# [About this exercise]
Take the line that contains "Jugendstil Keksdose mit" and each line after it to the end of the material below, and return them exactly, minus the pictures.

*** Opening Given material ***

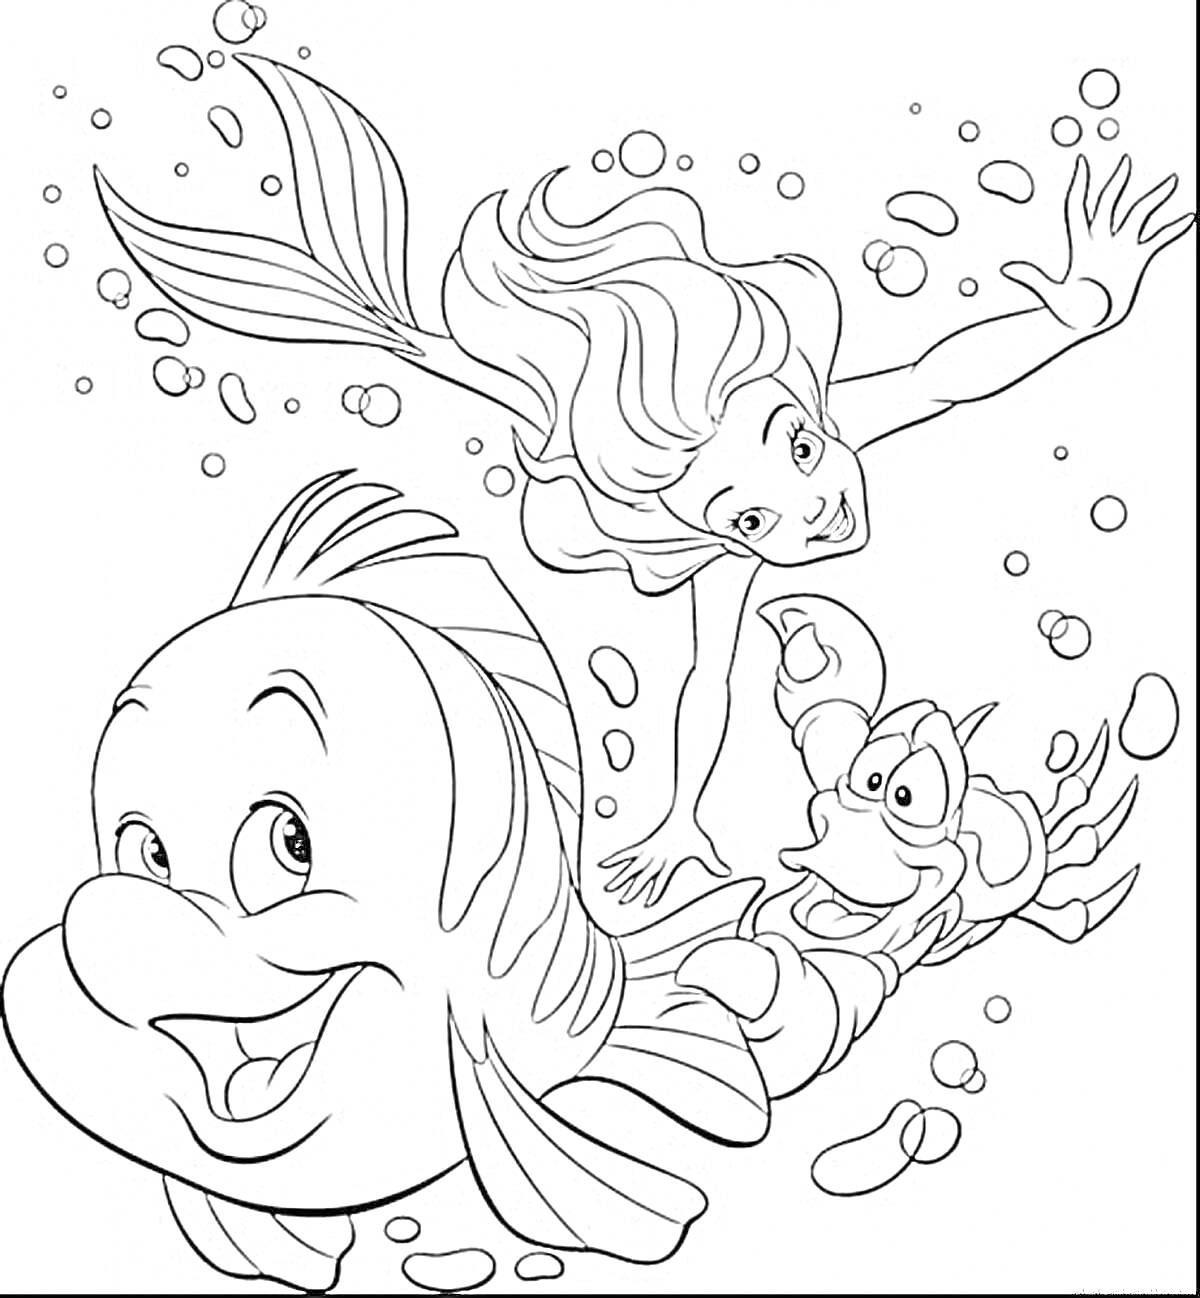 Раскраска Русалочка, рыба и краб под водой, окружённые пузырьками
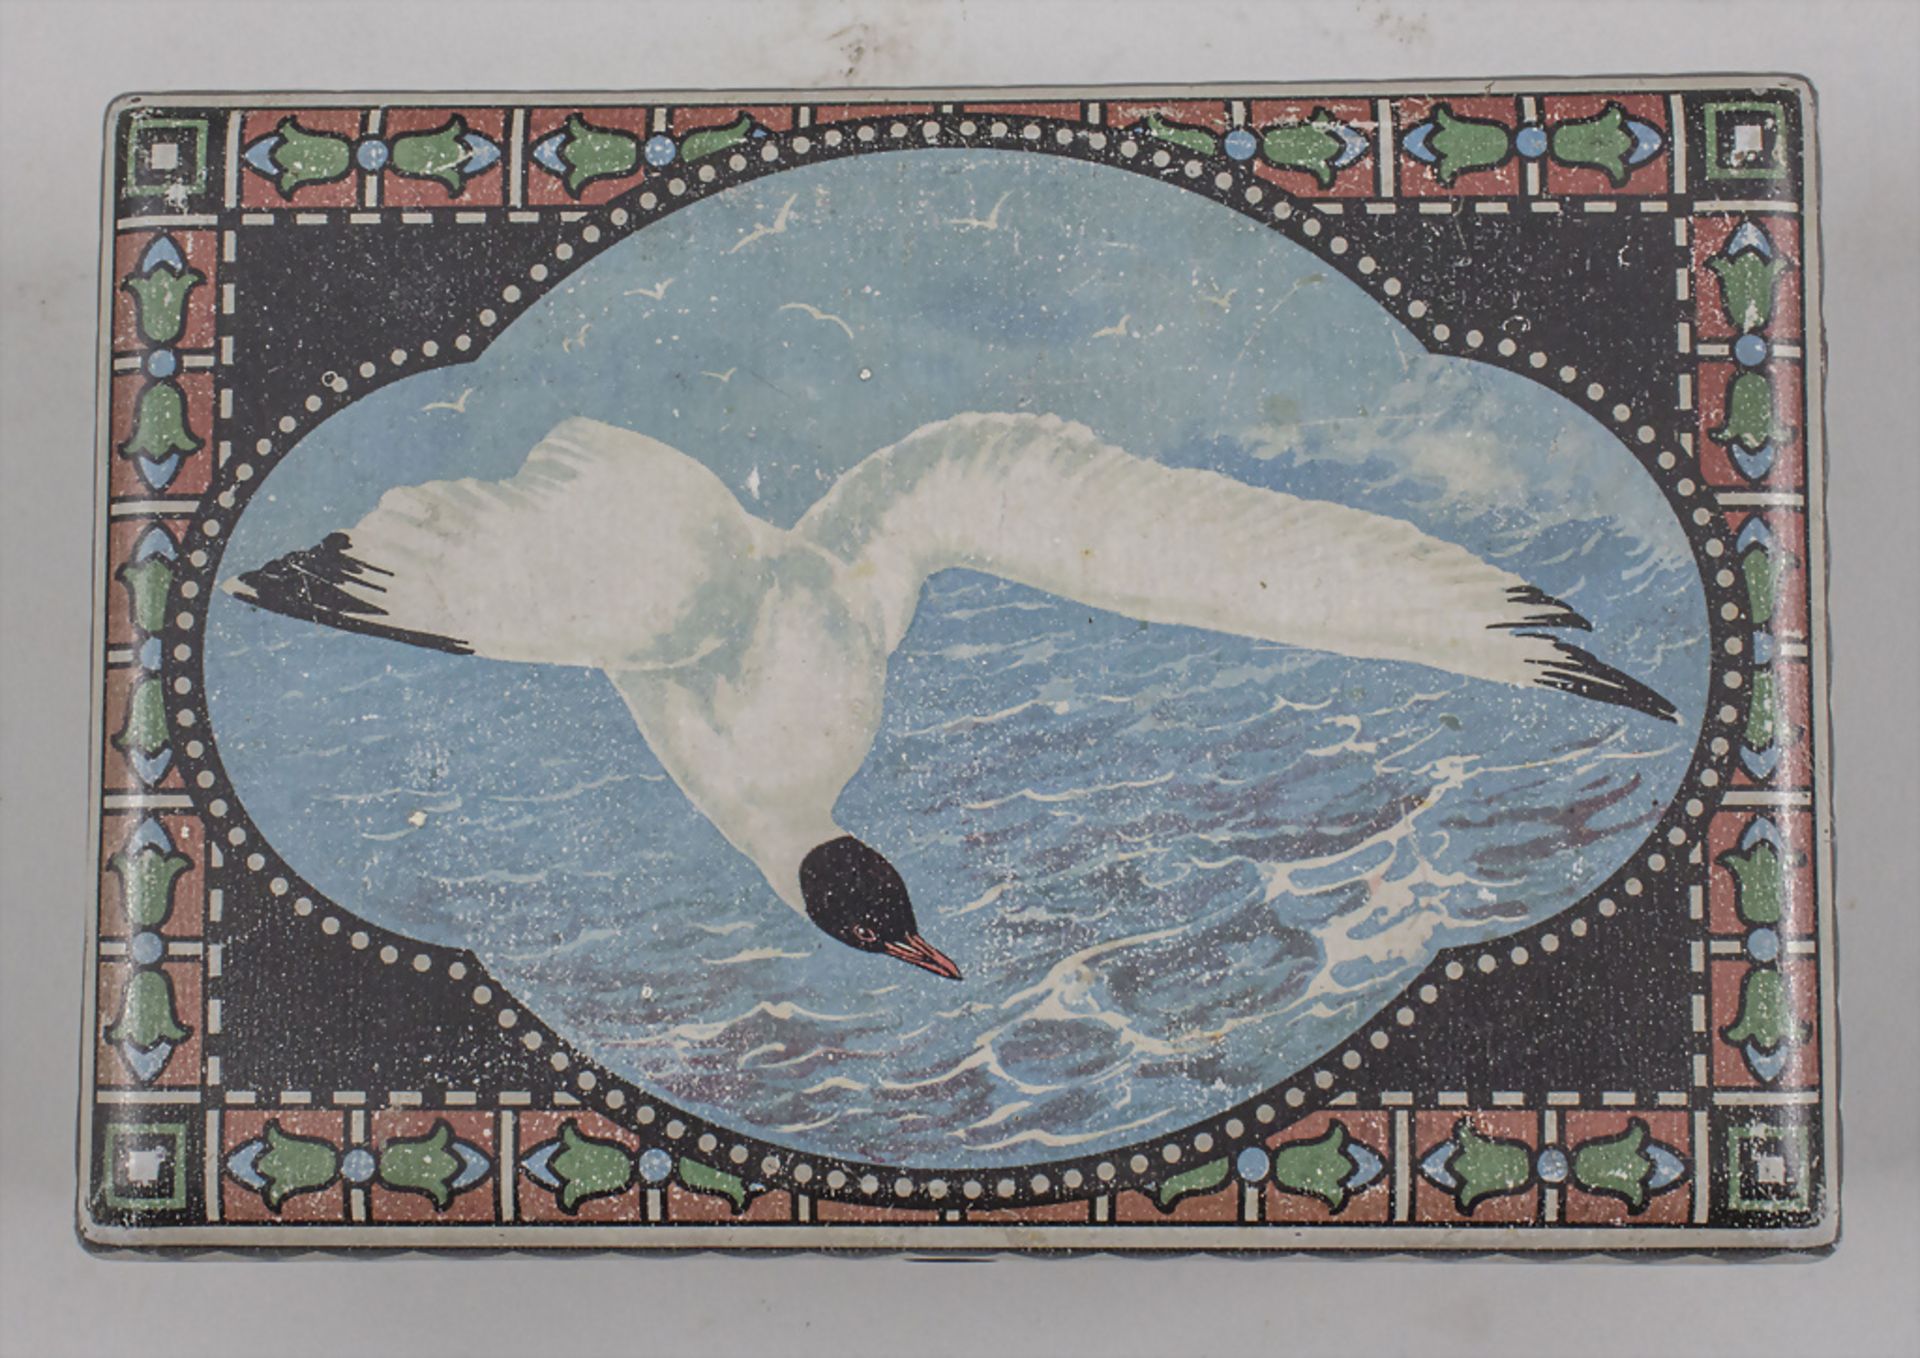 Jugendstil Keksdose mit Möwe / An Art Nouveau cookie jar with a black-headed gull, ... - Bild 3 aus 7
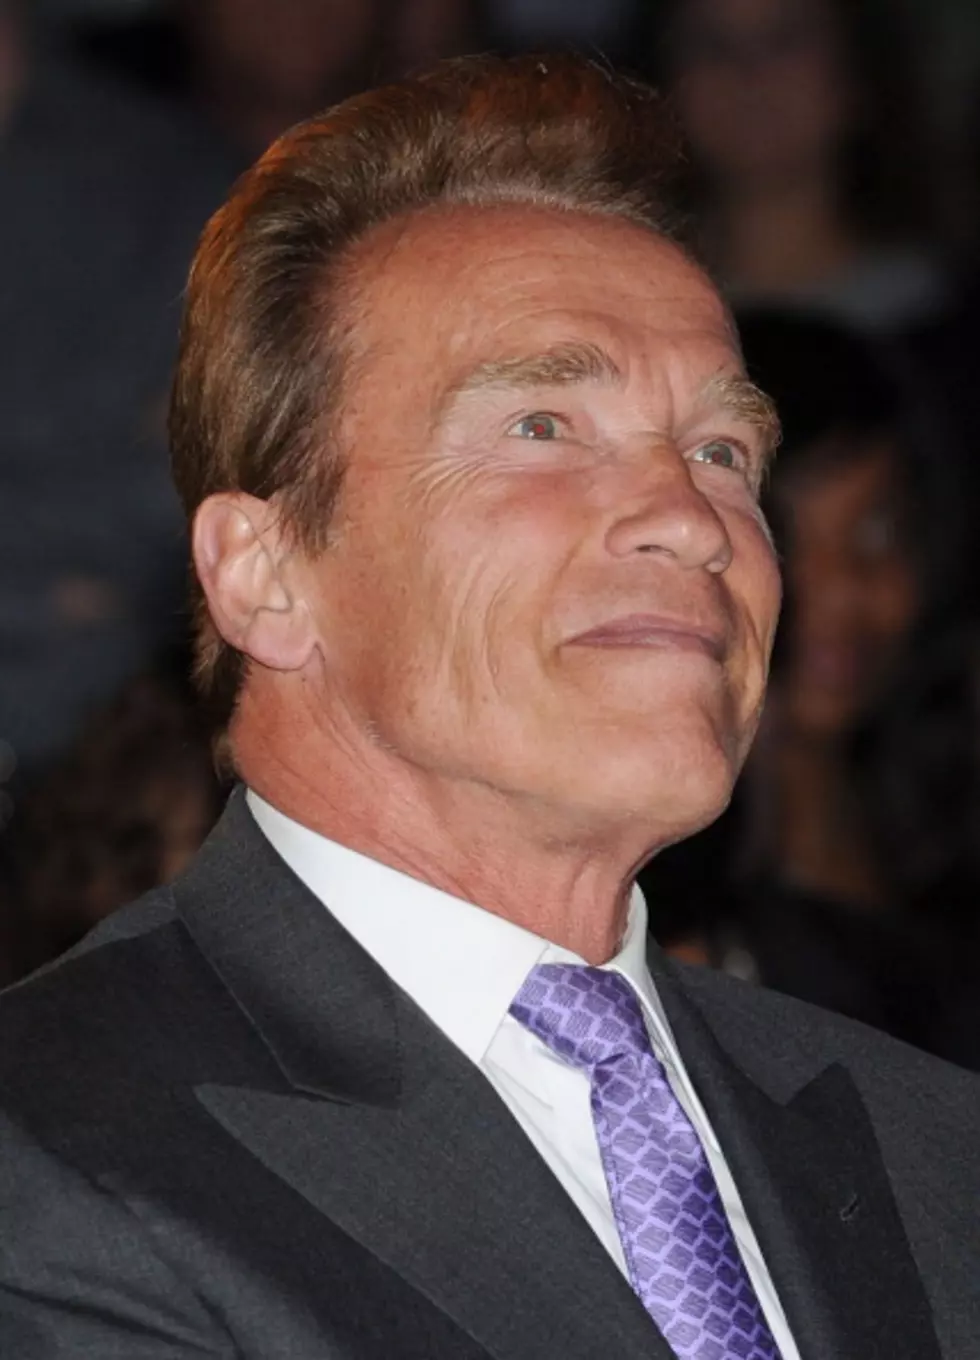 Return To Movie Making On Hold For Arnold Schwarzenegger

*** Closing Given material ***

# [Finished task]
 Jugendstil Keksdose mit Möwe / An Art Nouveau cookie jar with a black-headed gull, ... - Bild 3 aus 7
 Return To Movie Making On Hold For Arnold Schwarzenegger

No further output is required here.